## [SOURCE MATERIAL]
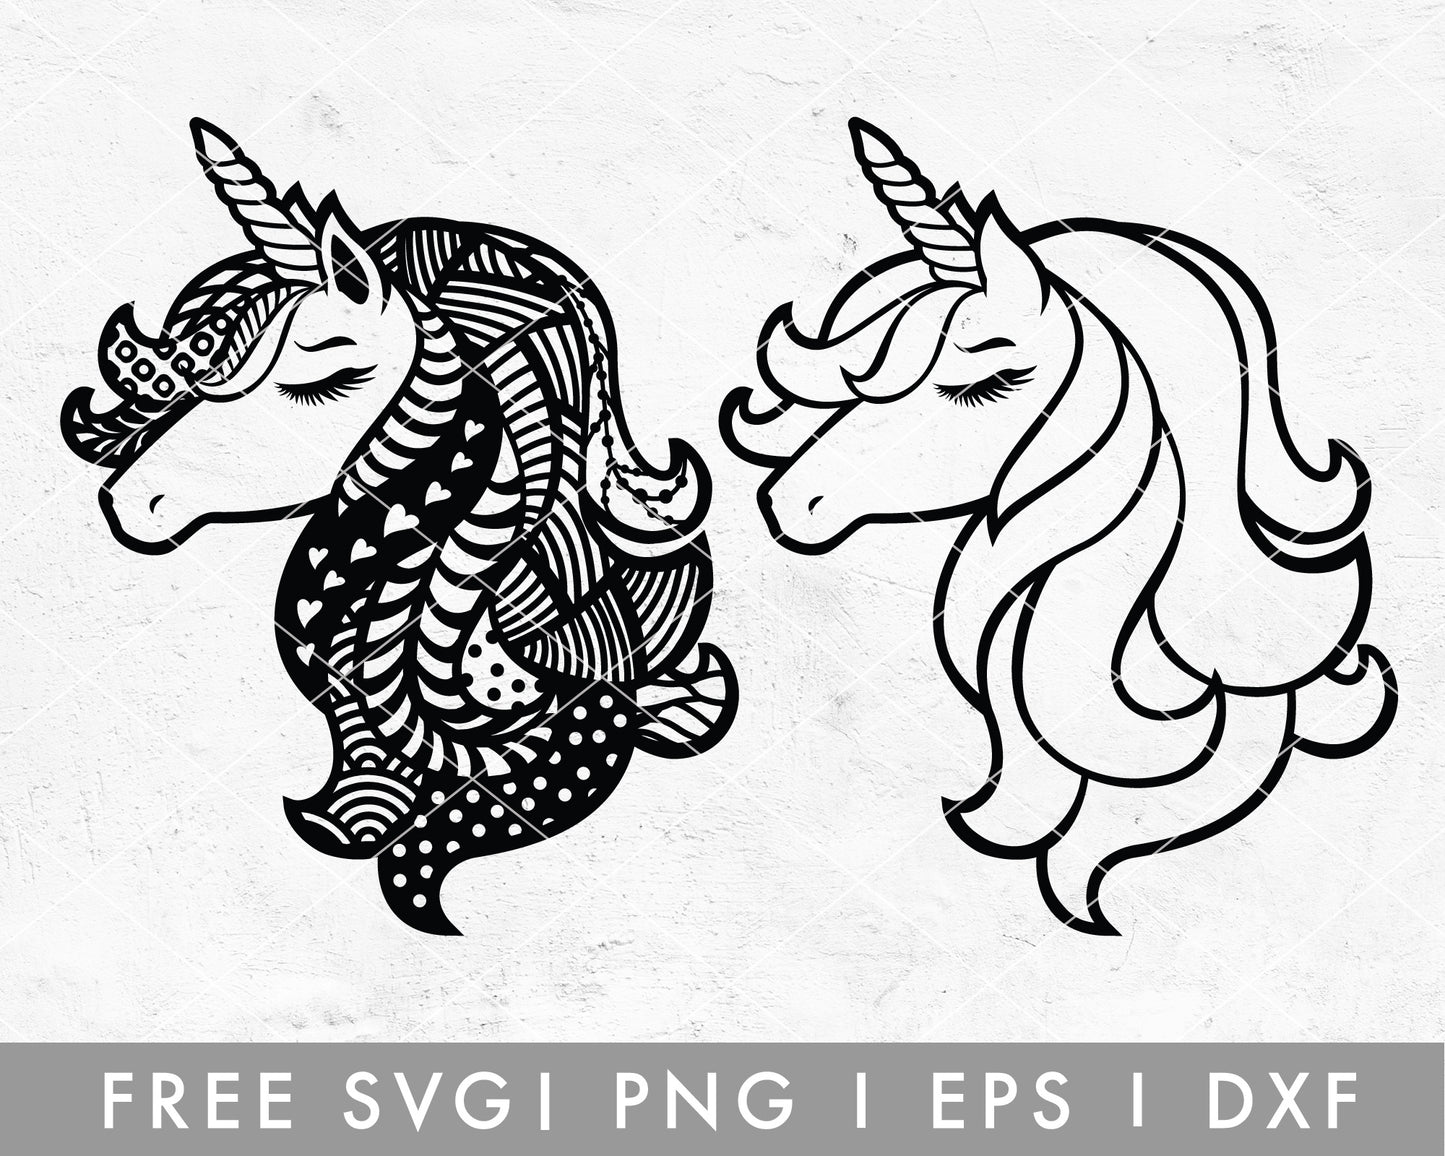 FREE FREE Unicorn SVG | Manadala Unicorn SVG Cut File for Cricut, Cameo Silhouette | Free SVG Cut File
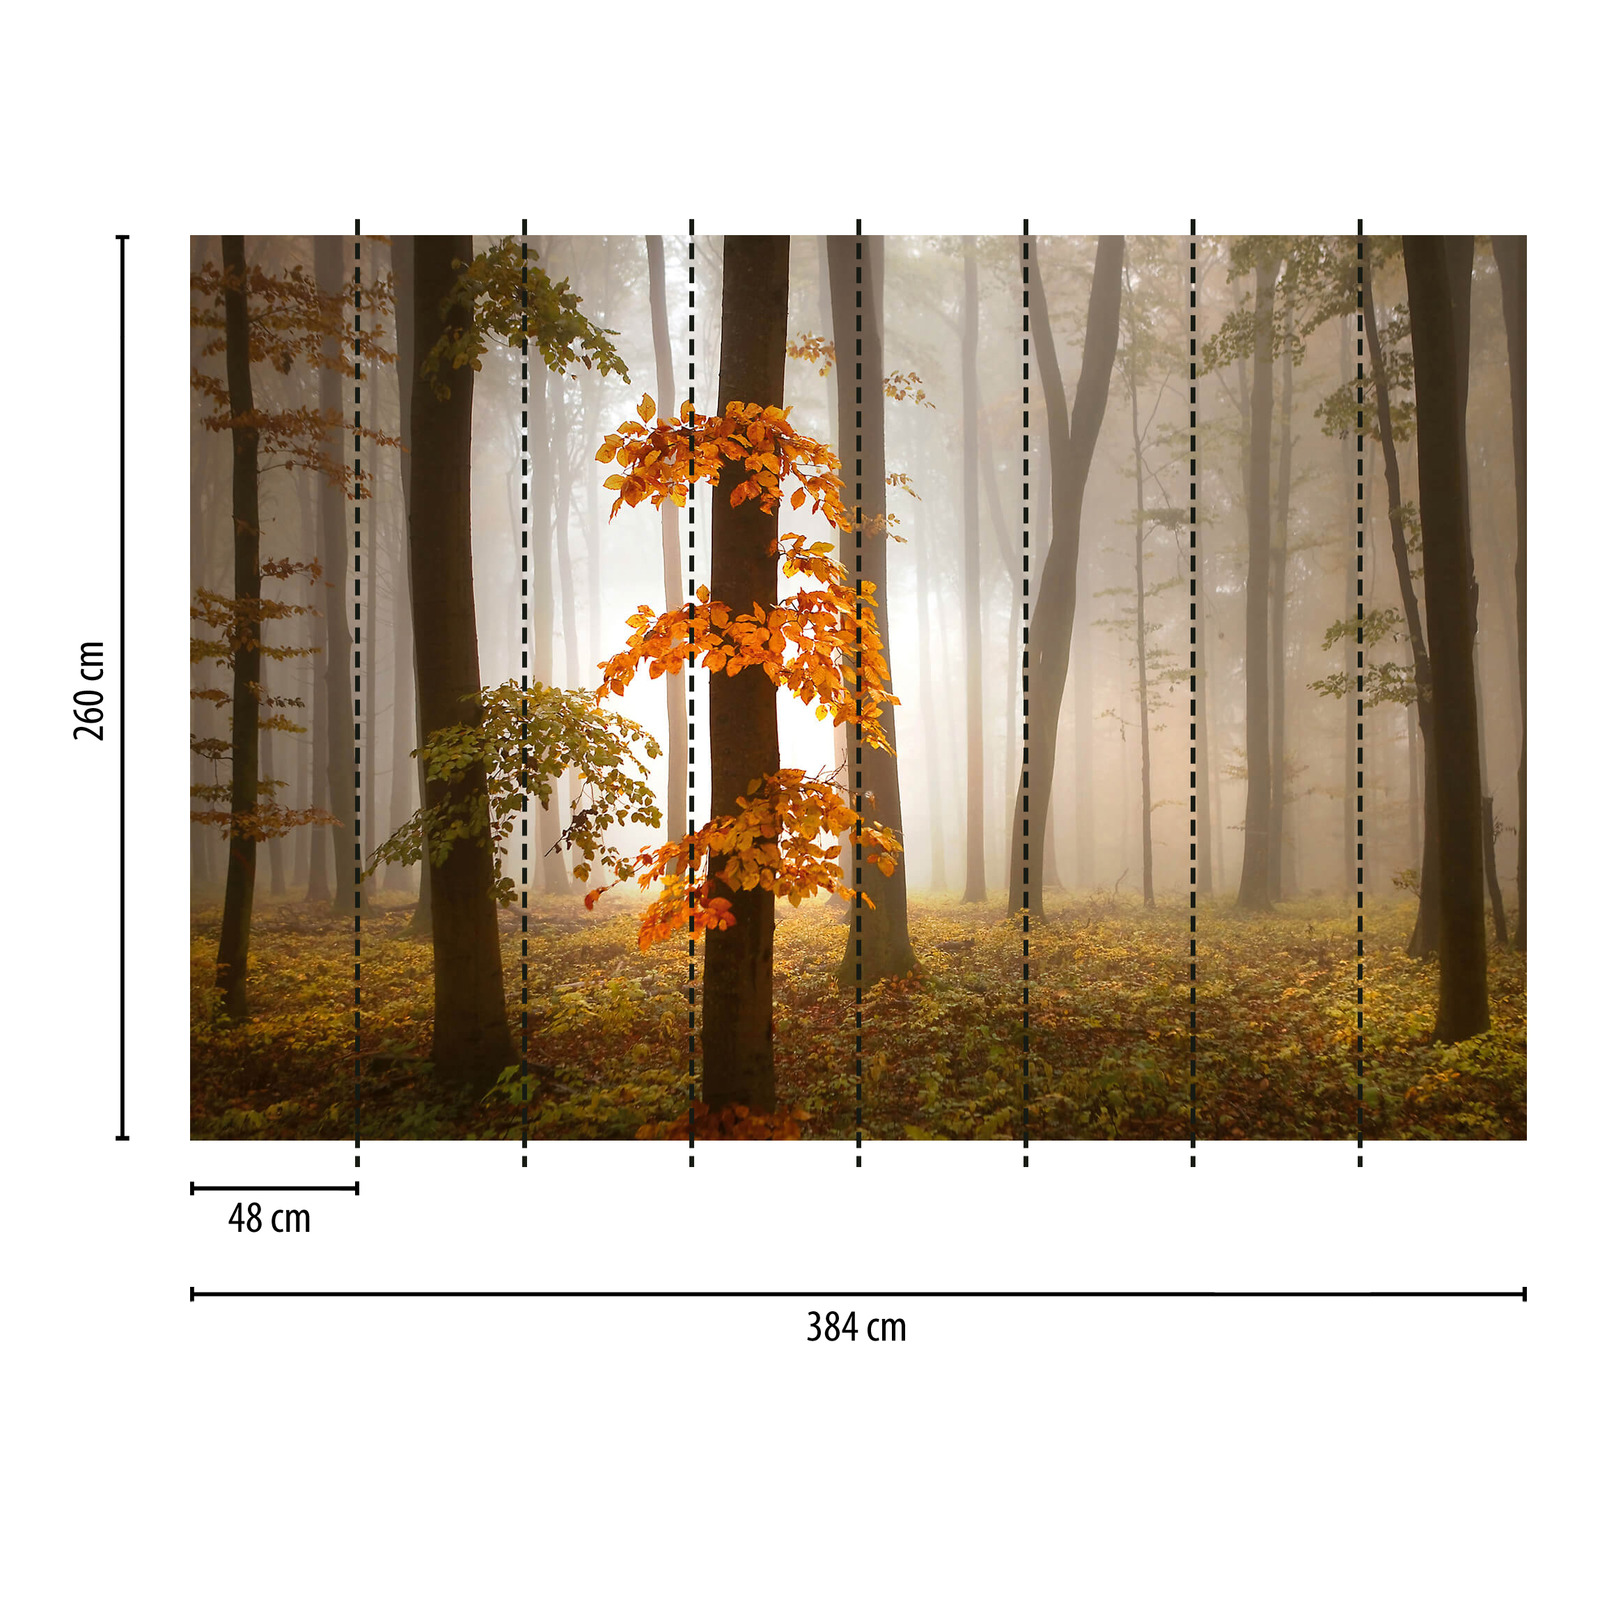             Photo wallpaper forest in autumn with fog - orange, brown
        
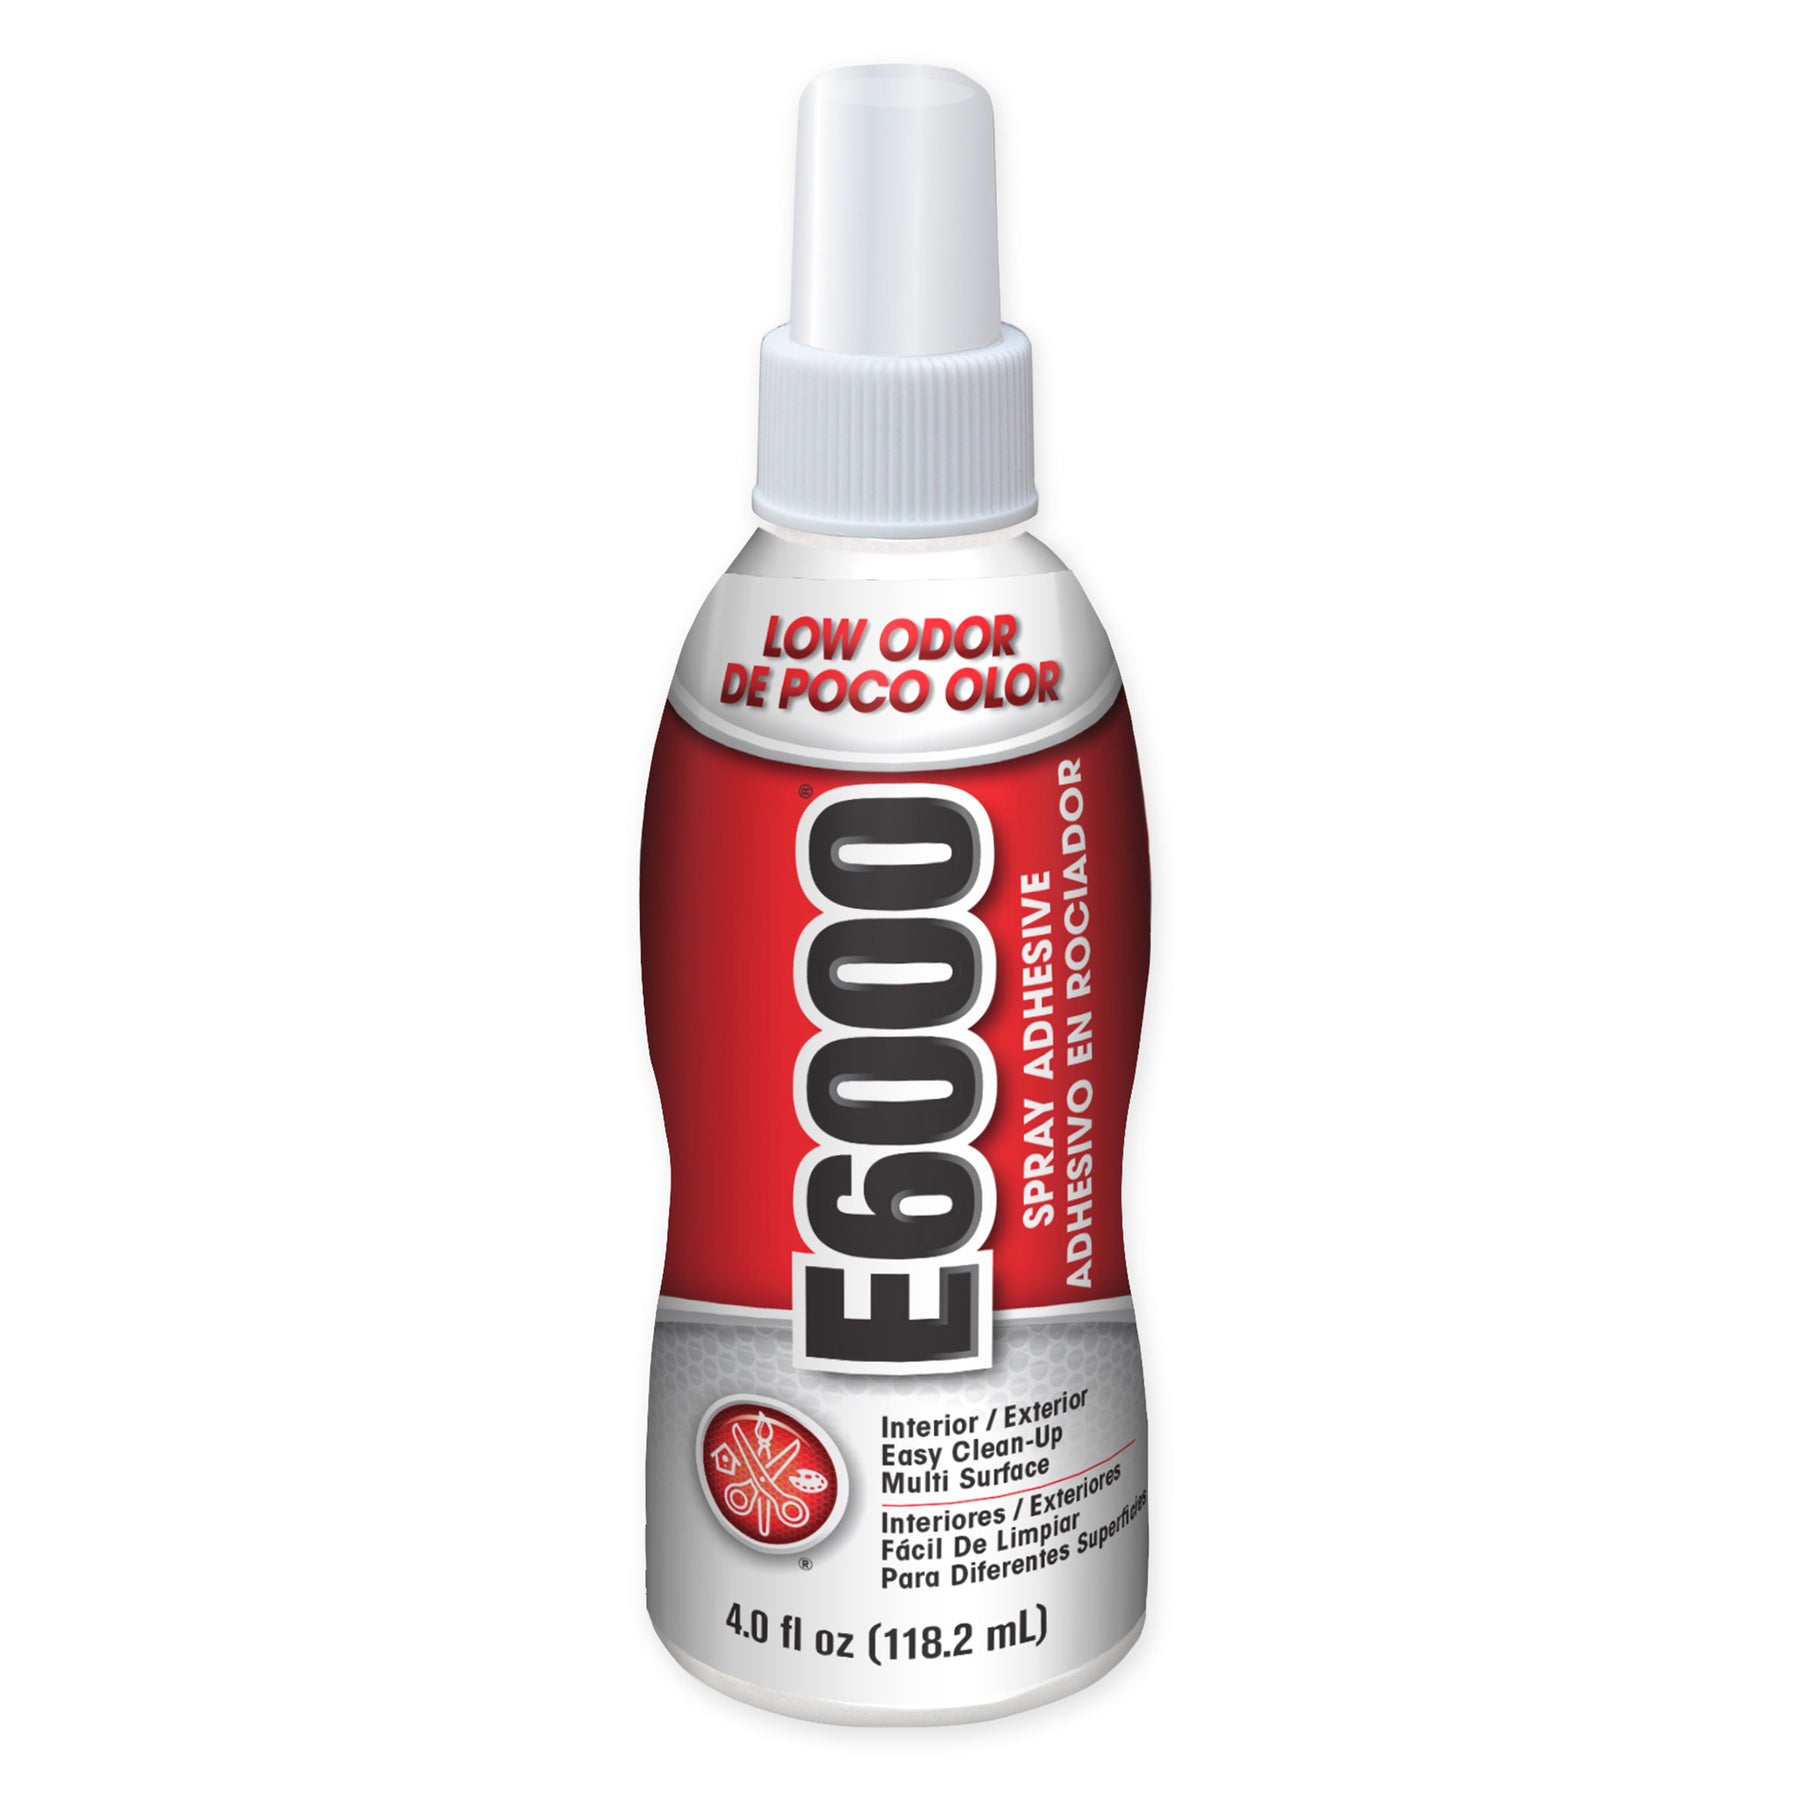 E-6000, Permanent Bond Glue - 2.0 fl.oz.

## [WHAT THE TASK REQUIRES]
A faithful, picture-free copy of the material is what this task asks for.

## [RESULT OF THIS EXERCISE]
 FREE FREE Unicorn SVG | Manadala Unicorn SVG Cut File for Cricut, Cameo Silhouette | Free SVG Cut File
             Photo wallpaper forest in autumn with fog - orange, brown
        
 E-6000, Permanent Bond Glue - 2.0 fl.oz.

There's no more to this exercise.